If you become seriously delinquent on your debts, your creditors may take you to court to extract payment. If you cannot refute the validity of a debt you owe, you may end up facing a lien on your property. A lien grants your creditor the right to take money out of any sale you make of the underlying property, and is effectively a guarantee they will get repaid before you profit from an asset sale.
Getting A Lien
For most debts, you must agree to a contract promising to pay back the money you borrow. If you fail to pay on an unsecured loan, even a creditor with a valid case against you cannot take direct steps against your personal property as collection on the debt without going to court to get a lien. While a valid creditor can file and likely win a lawsuit against you if you fail to pay, it takes additional steps to get a lien against your property. Upon winning a lawsuit, the creditor is granted a judgment by the court. To enforce the judgment, the creditor must apply to the court to get a lien against your property via a judgment execution order.
Secured Rights
Creditors who have secured rights in your property already effectively have a lien on your property, whether or not they have filed a lawsuit to obtain one. A secured right is one you issue a creditor in exchange for a loan to buy certain property, typically homes and cars. Your creditors in these situations have the right to repossess or foreclose on your property if you fail to make payment.
IRS Rights
As far as collectors go, the Internal Revenue Service is generally the top dog. The IRS has broad powers to extract payment from you if you are delinquent on your taxes. Unlike other creditors, the IRS does not need to file a lawsuit against you in court to get a lien.

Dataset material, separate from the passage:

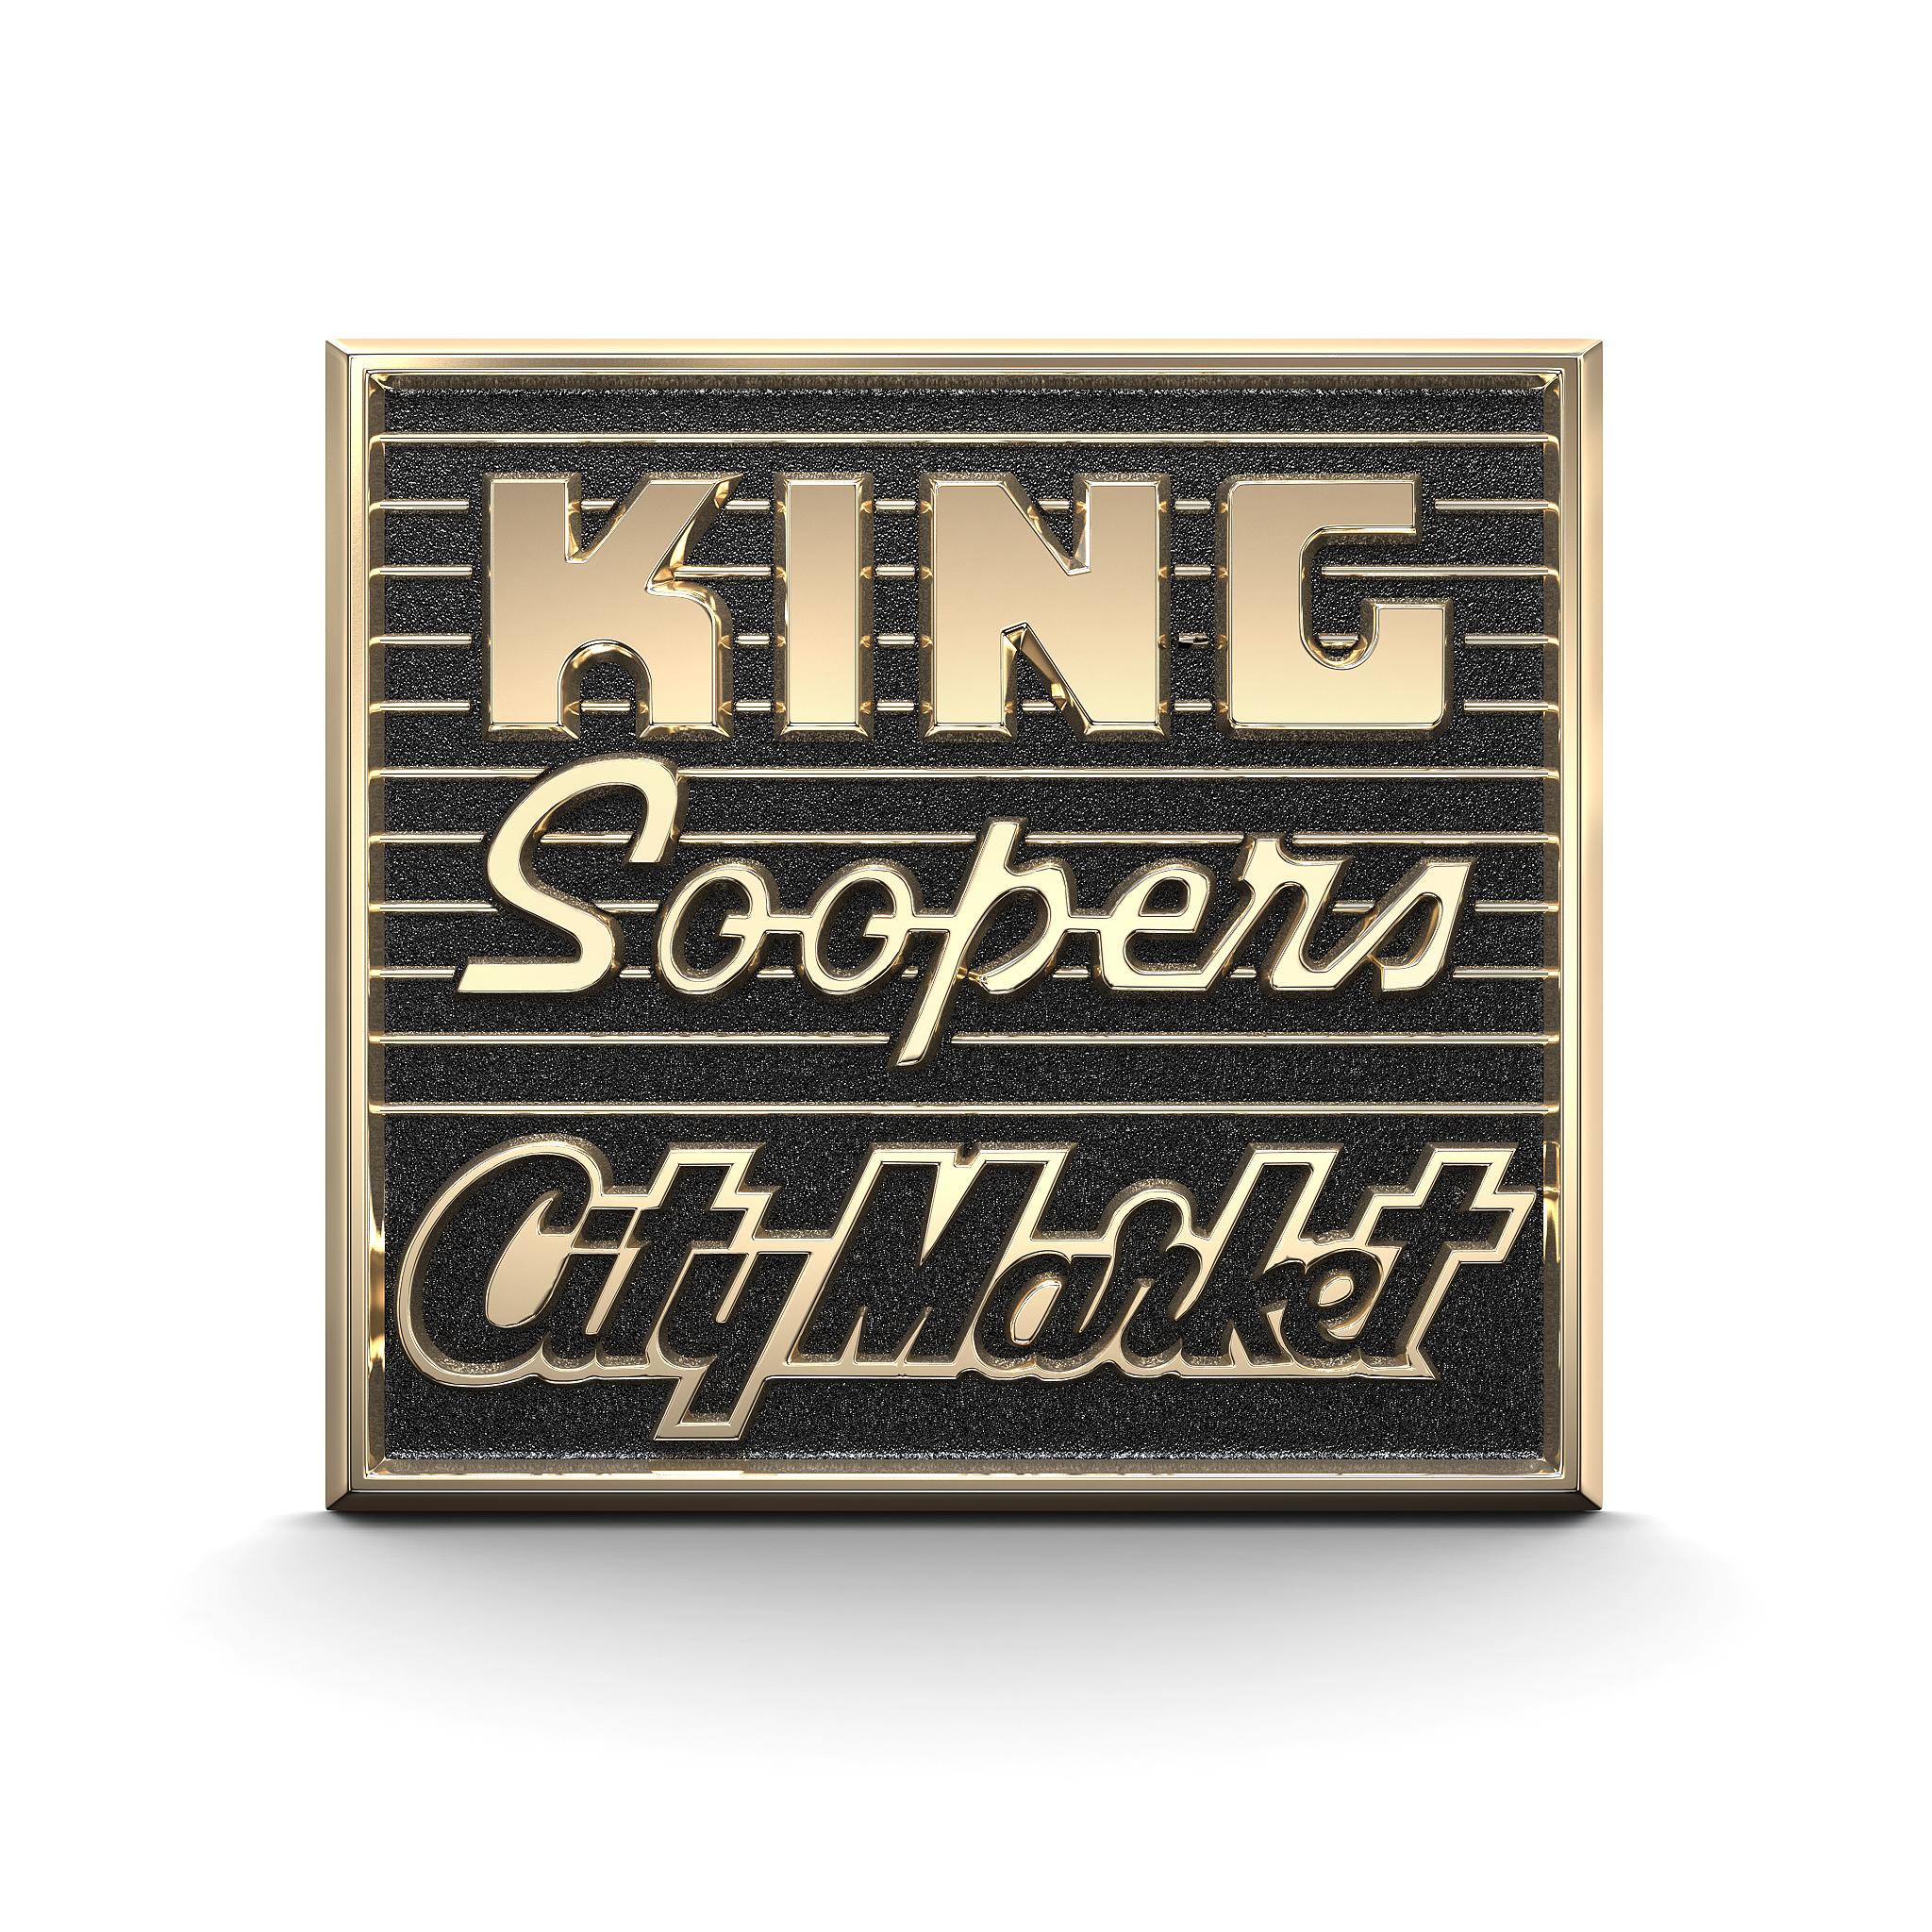 KingShoppers_CityMarket.jpg

If you do not pay, after sufficient warning the IRS has the right to slap a lien on your property, or even worse, to levy and seize your assets outright.
Liens and Bankruptcy
While bankruptcy has the power to wipe out your debts, it cannot always avoid liens. Secured debt usually survives bankruptcy, meaning you will have to make arrangements to pay off your mortgage or car loan if you wish to keep those assets. The same is true of IRS tax liens, which you remain liable for even after a bankruptcy discharge.